Por mais que nas últimas semanas se tenha escrito todo tipo de prognóstico a propósito, alguns em tom até taciturno, o Brasil é uma nação que, na sua esmagadora maioria, preza pela democracia e deseja permanecer nela.
Em que pese premissa tão cardinal, eis que se chega ao ponto em que o receio maior para o dia 7 de setembro deixa de ser se irá chover ou não para tornar-se se vai haver ruptura institucional, leia-se golpe, ou não.
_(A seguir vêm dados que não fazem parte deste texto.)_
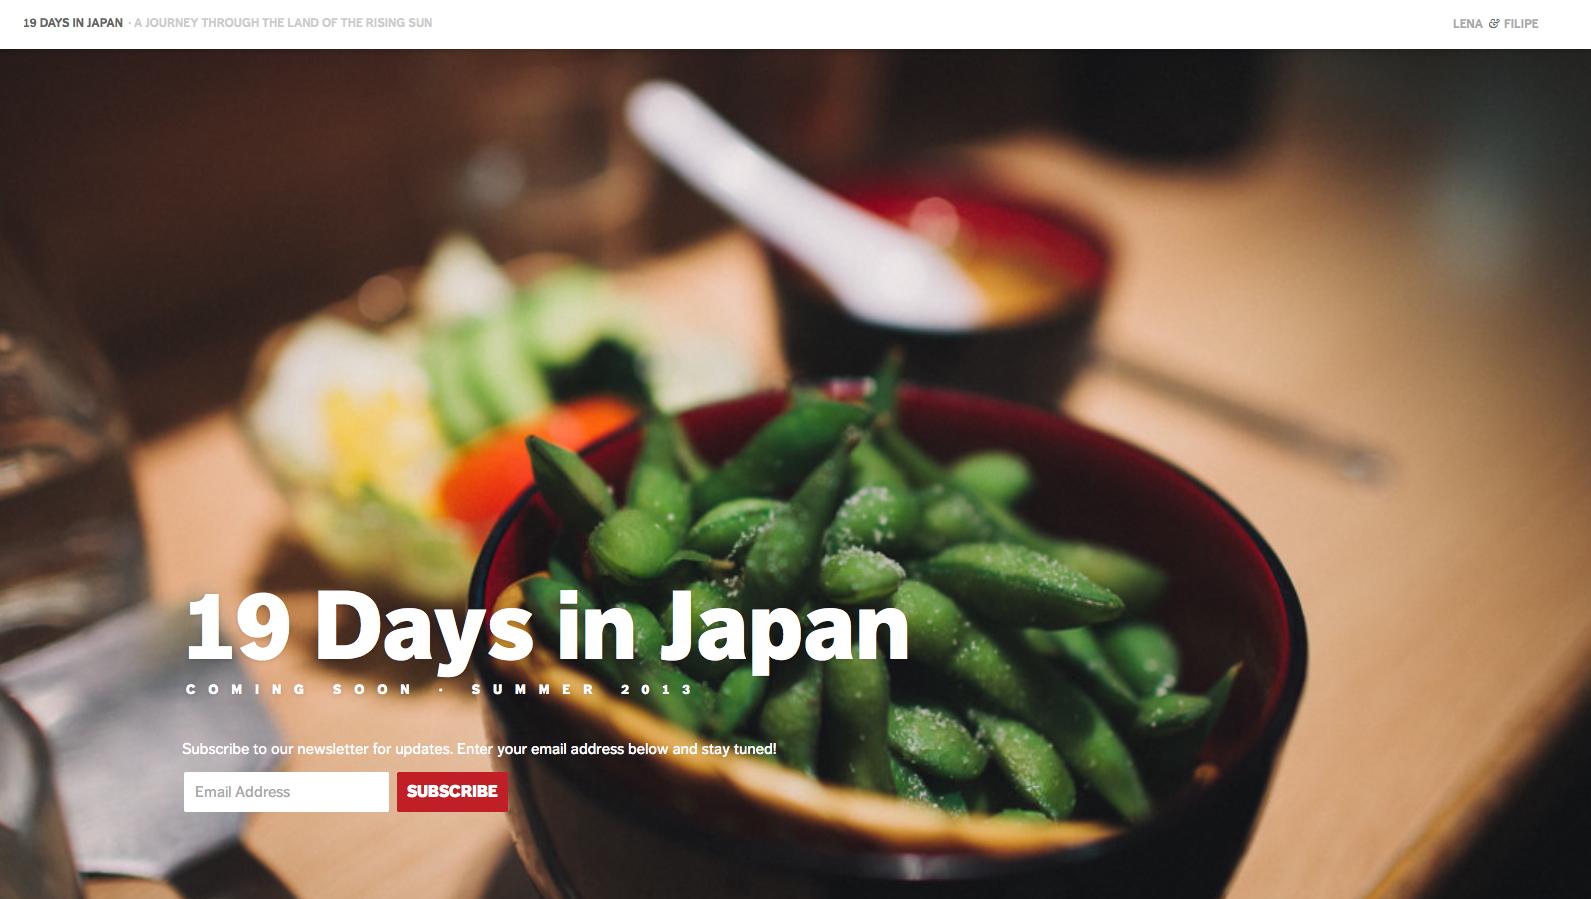 19daysinjapan.com
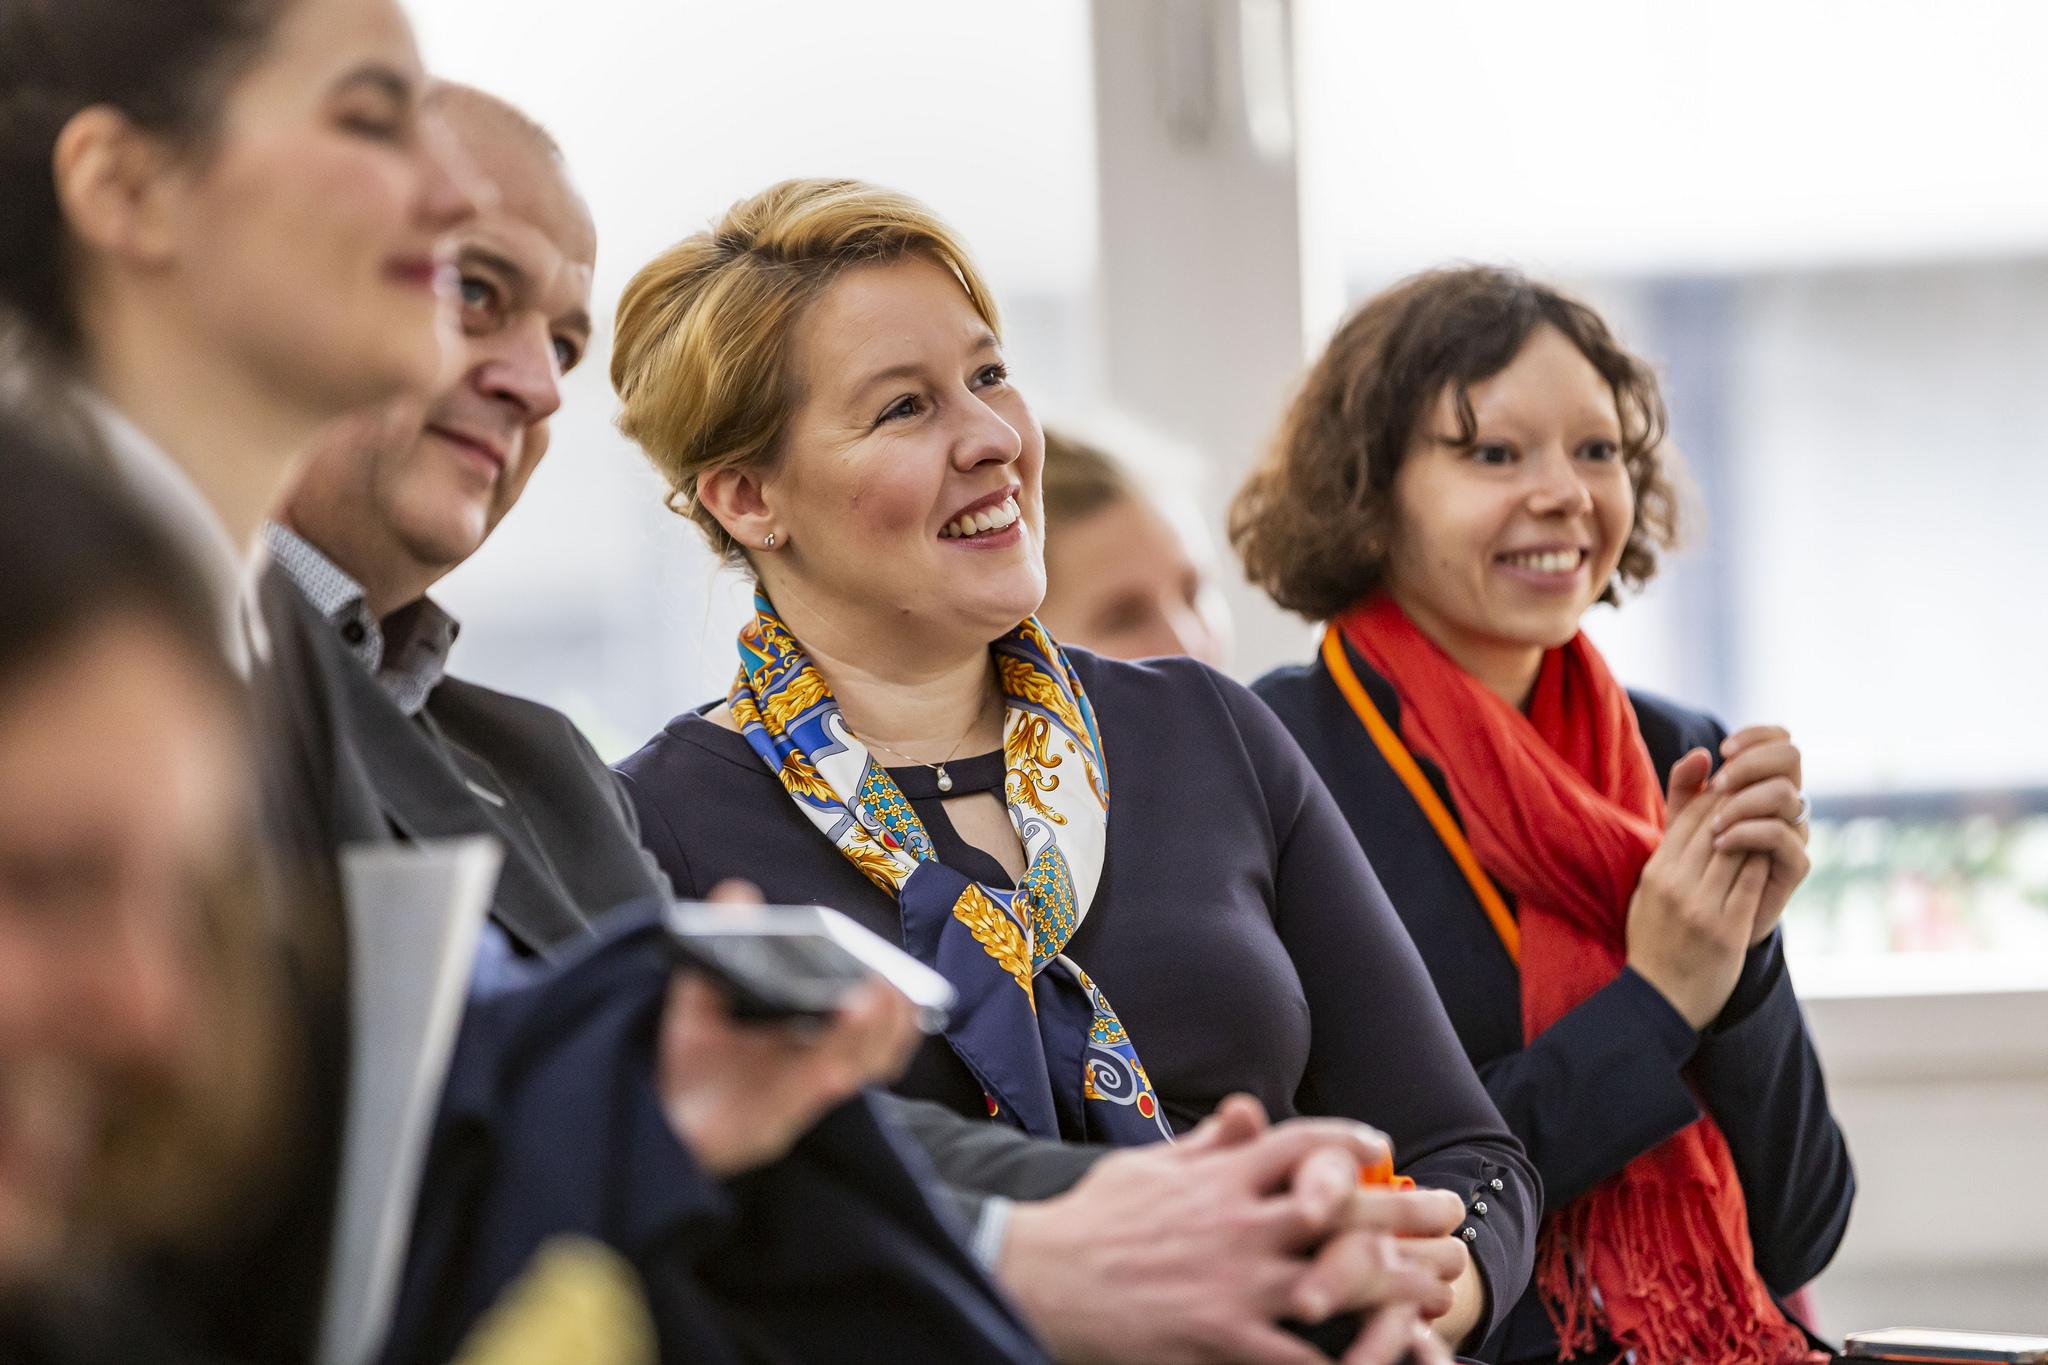 Bundesfamilienministerin Dr. Franziska Giffey beim openTransfer CAMP #Patenschaften am 1. Dezember 2018 in Berlin.

Parece enfim haver algo de muito errado que não está certo na pintura que adorna a parede. Quando se deveria visualizar um Gustav Klimt e seu alegre O Beijo, se enxerga Pablo Picasso e seu cinzento Guernica.
Muito suor e sangue foram derramados para a reconquista da democracia no País, único ambiente em que, entre outras coisas, se permitem os discursos antidemocráticos. Atravessamos vinte e um invernos para chegar ao fim do túnel e voltar a ter uma imprensa livre e um constitucionalismo para além do retórico. Não significa, claro, um salvo-conduto para caluniar, difamar, injuriar, ameaçar, incitar levantes, vandalizar, descumprir decisões judiciais ou a própria lei. Mas é sem dúvida o único caminho que nos mantém a salvo do cemitério ou do hospício da história.
Talvez haja quem não tenha se dado conta disso, mas foi publicada, com vigência para 90 dias, a Lei 14.197, de 01/09/2021, que, em resumo, revogou a Lei de Segurança Nacional (LSN) e definiu crimes contra o Estado Democrático de Direito. Uma Lei há muito tempo aguardada, em trâmite por duas décadas, sendo seu relator inicialmente o saudoso ex-deputado e jurista Hélio Bicudo. Lei que acrescentou ao Código Penal um novo título tipificando crimes contra o Estado democrático, incluindo crimes contra o funcionamento das instituições no processo eleitoral; bem assim crimes contra o funcionamento dos serviços essenciais, como a sabotagem.
Thomas Jefferson disse certa vez que o preço da liberdade é a eterna vigilância. Talvez nunca antes quanto agora essa frase soe tão verdadeira aos ouvidos dos brasileiros. Que possamos voltar a falar de flores, passada a estiagem que só o off-white do medo produz.